On April 12, 2007, the Department of Homeland Security (DHS) transmitted the final rule Removal of the Standardized Request for Evidence Processing Timeframe to the Federal Register (FR). The rule will take effect on June 16, 2007. This rule amends DHS regulations to give U.S. Citizenship and Immigration Services (USCIS) flexibility in setting the time allowed for immigration benefit applicants and petitioners to respond to a Request for Evidence (RFE) or to a Notice of Intent to Deny (NOID). This change does not apply to asylum cases, to which a separate set of regulations apply.
The amended rule makes the following key changes and clarifications:
Flexible Response Times to RFEs Permitted
Regardless of the type of evidence requested, the old regulation required USCIS to set an inflexible 12 week period for applicants or petitioners to respond to an RFE. The new regulation permits USCIS to set flexible deadlines. Deadlines will depend on the complexity of cases and types of applications or petitions filed. For example, when requesting readily available or missing initial evidence, USCIS can set a response time much shorter than 12 weeks. On the other hand, USCIS can provide the full 12 week response period for more difficult to obtain evidence.
No Extensions to Submit Responses to RFEs or NOIDs
Regardless of the evidence requested, USCIS has never allowed extensions beyond the maximum 12 week deadline for RFEs and the 30 day deadline for NOIDs. That bar does not change, even though the new rule allows USCIS to set deadlines shorter than those maximums. For example, under the new regulation, USCIS may issue an RFE that gives an applicant 30 days to submit a photo. USCIS will not grant an extension of that 30 day period. Failure to timely respond to the RFE may lead to denial of the application or petition.

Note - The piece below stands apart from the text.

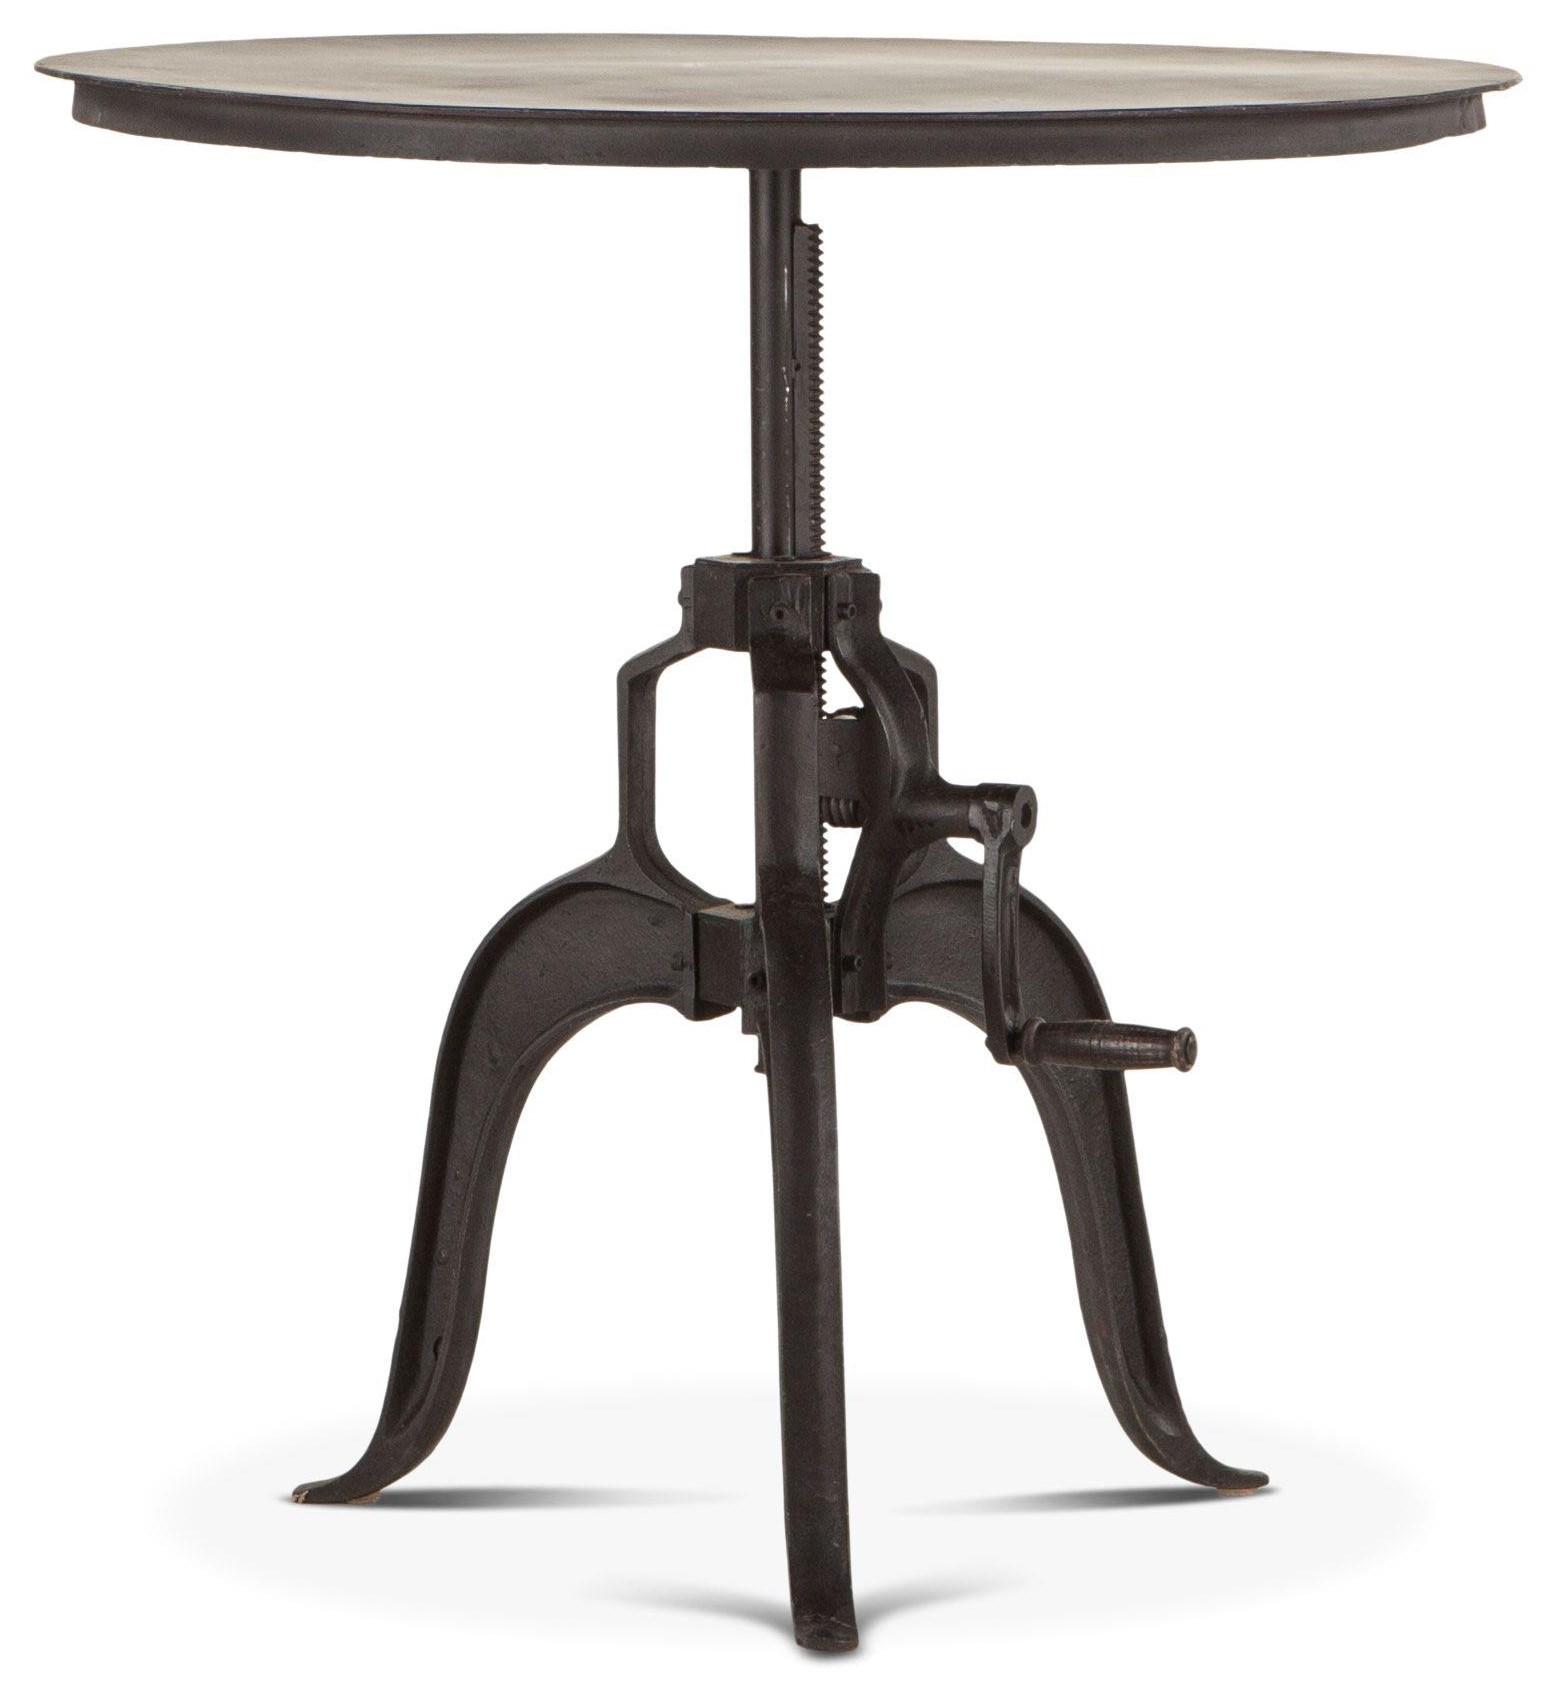 Beglobal Industrial Loft Metal Round Adjustable Base Table Belfort Furniture Pub Tables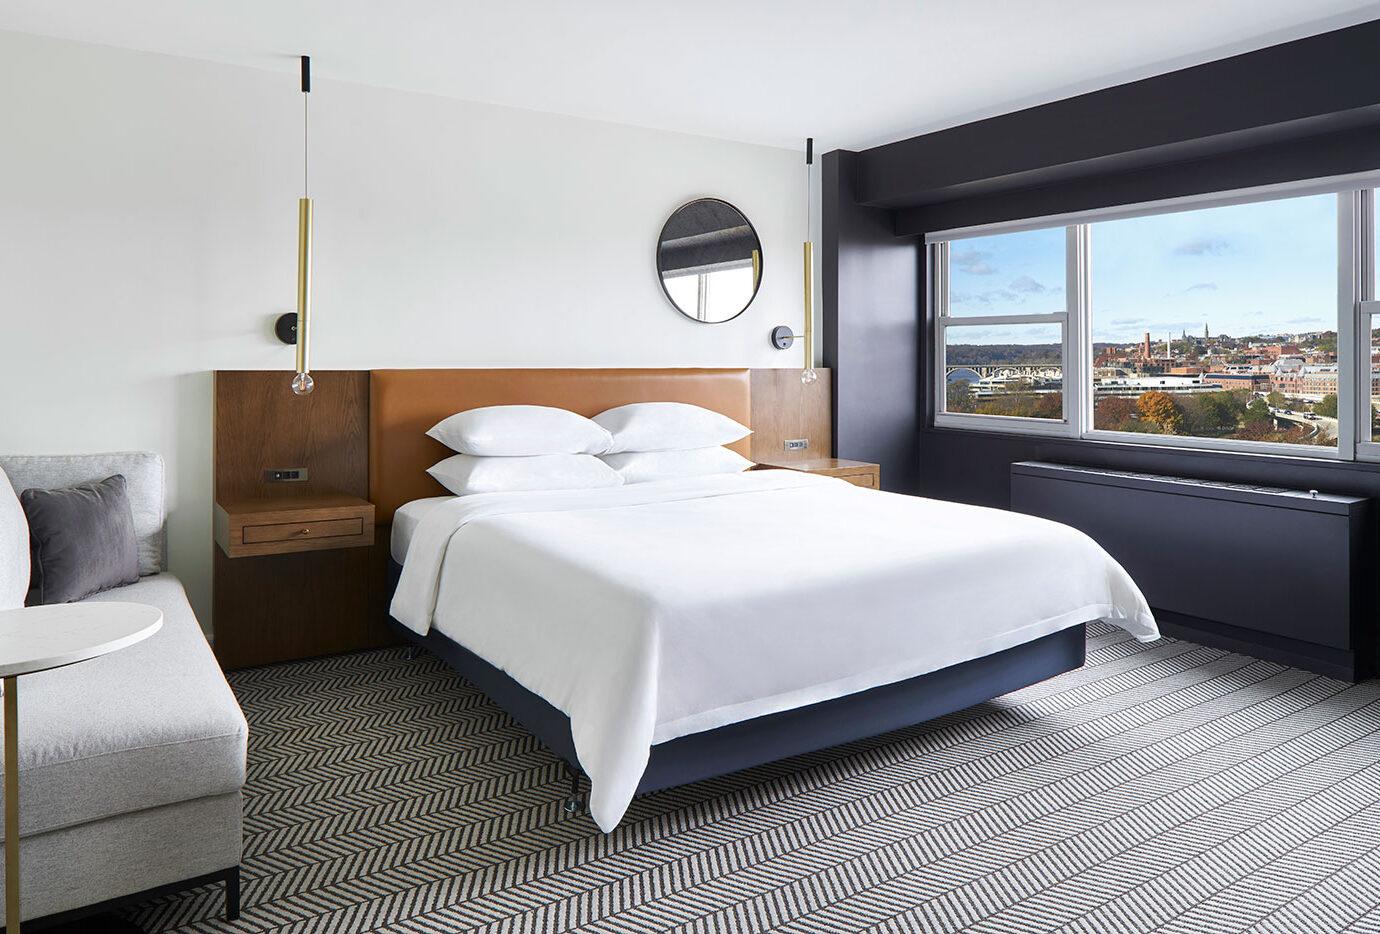 Bedroom at ARC THE.HOTEL, Washington D.C.

When Evidence Submitted With The Application or Petition Does Not Show Eligibility
When initially submitted evidence does not show eligibility, the new regulation allows USCIS to deny the application or petition. As always, USCIS may request that the applicant or petitioner submit additional evidence within a specified time period or may notify the applicant or petitioner that USCIS intends to deny the application or petition. To avoid denial, USCIS urges applicants and petitioners to file complete applications with all of the required initial evidence. The initial evidence for each application and petition type is clearly listed on the form instructions and in the regulations.
Reasons for Issuing a NOID
USCIS may issue a NOID when there is evidence of ineligibility for immigration benefits and is required to issue a NOID when there is negative evidence that the applicant or petitioner does not know about. An applicant or petitioner may respond to the NOID by submitting evidence to disprove the negative information.
If There Is No Response to an RFE or a NOID
The new regulation provides USCIS three options if it does not receive a response to an RFE or a NOID. USCIS may:
• find that the application or petition has been abandoned and, if so, deny it;
• deny the application or petition based on the evidence already received; or
• deny the application or petition for both reasons.
When an Applicant or Petitioner Does Not Appear for a Required Appointment
If an applicant or petitioner fails to appear for biometrics capture, interview or any other required in-person process, USCIS may deny the application or petition as abandoned. However, USCIS may not do so if, prior to the scheduled appointment time, it receives a timely-filed change of address or request to reschedule and decides that the failure to appear is excusable. In such cases, USCIS will reschedule the appointment. USCIS reminds applicants and petitioners that they are required to file an AR-11 change of address form within ten days of their move.